Slice is a command-line utility designed to automatically segment long audio recordings into smaller clips based on voice activity.
It prepares raw audio for Natural Language Processing (NLP) and Speech-to-Text (STT) model training (like Whisper, Kaldi, or Wav2Vec2) by ensuring clips contain distinct speech segments and creating standard metadata manifests.
- Robust Voice Activity Detection (VAD): Uses WebRTC VAD to distinguish human speech from background noise, which is more accurate than simple energy-based silence detection.
- Automatic Preprocessing: Automatically converts audio to 16kHz Mono (16-bit), the standard format required by most ASR models.
- Metadata Generation: Outputs a
manifest.jsonlfile containing filenames and durations alongside the audio clips. - CLI Support: Fully automatable via command line arguments.
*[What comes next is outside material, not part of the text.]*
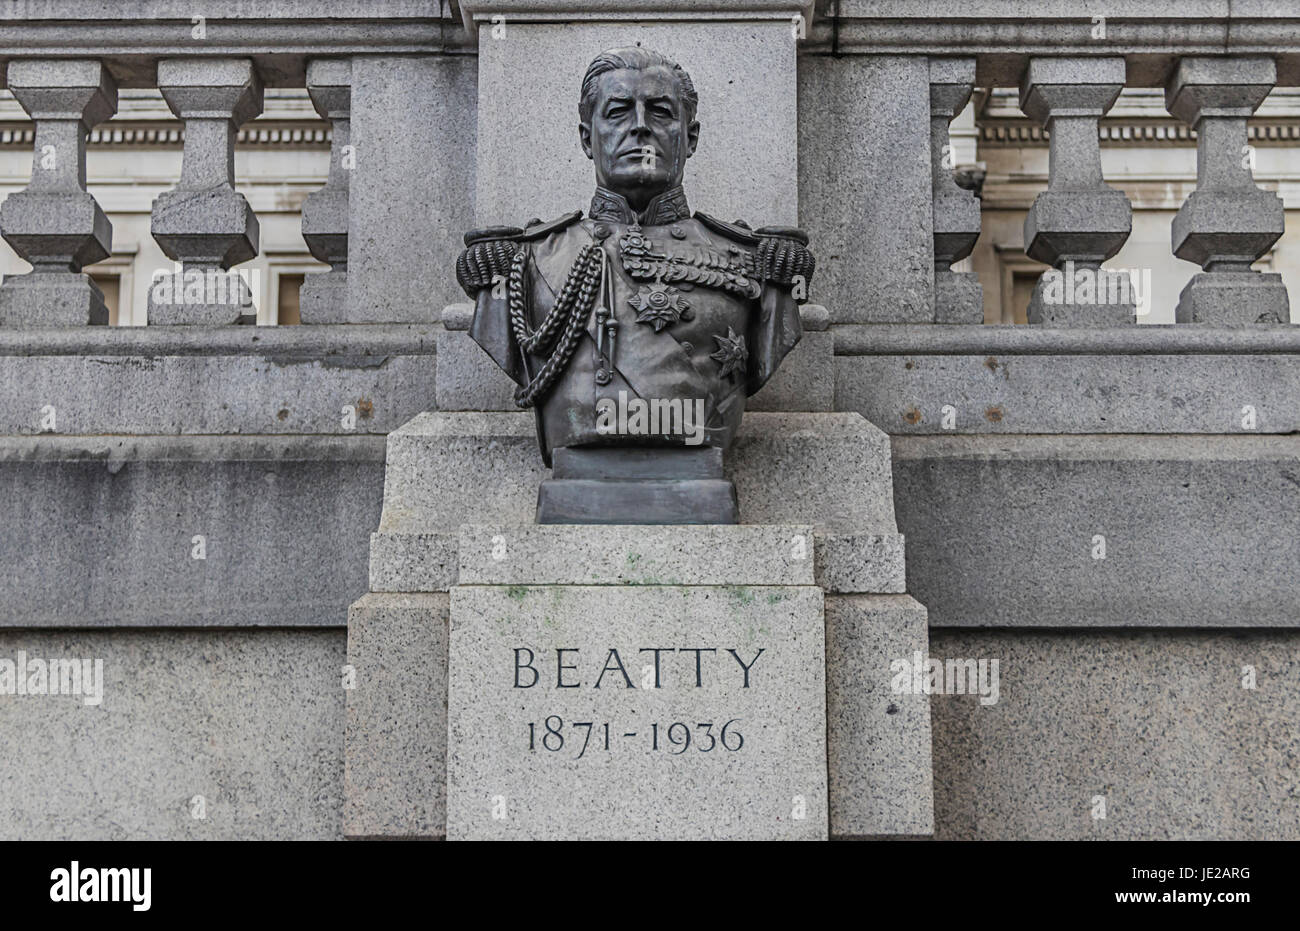 Statue of David Beatty, 1st Earl Beatty. Admiral of the Fleet David Richard Beatty, 1st Earl Beatty GCB, OM, GCVO, DSO, PC was a Royal Navy officer. Stock Photo

- Batch Processing: Process single files or entire directories of audio at once.
- Dry Run Mode: Preview how audio will be split without writing files.
-
Clone the repository
git clone [https://github.com/divij-pawar/slice.git](https://github.com/divij-pawar/slice.git) cd slice -
Install Python dependencies
pip install -r requirements.txt
-
Install FFmpeg (Required) Slice relies on
pydubto load audio files, which requires FFmpeg.- Mac:
brew install ffmpeg - Linux:
sudo apt-get install ffmpeg - Windows: Download FFmpeg and add it to your PATH.
- Mac:
Slice a single audio file using default settings. This will create a folder containing .wav clips and a manifest.jsonl.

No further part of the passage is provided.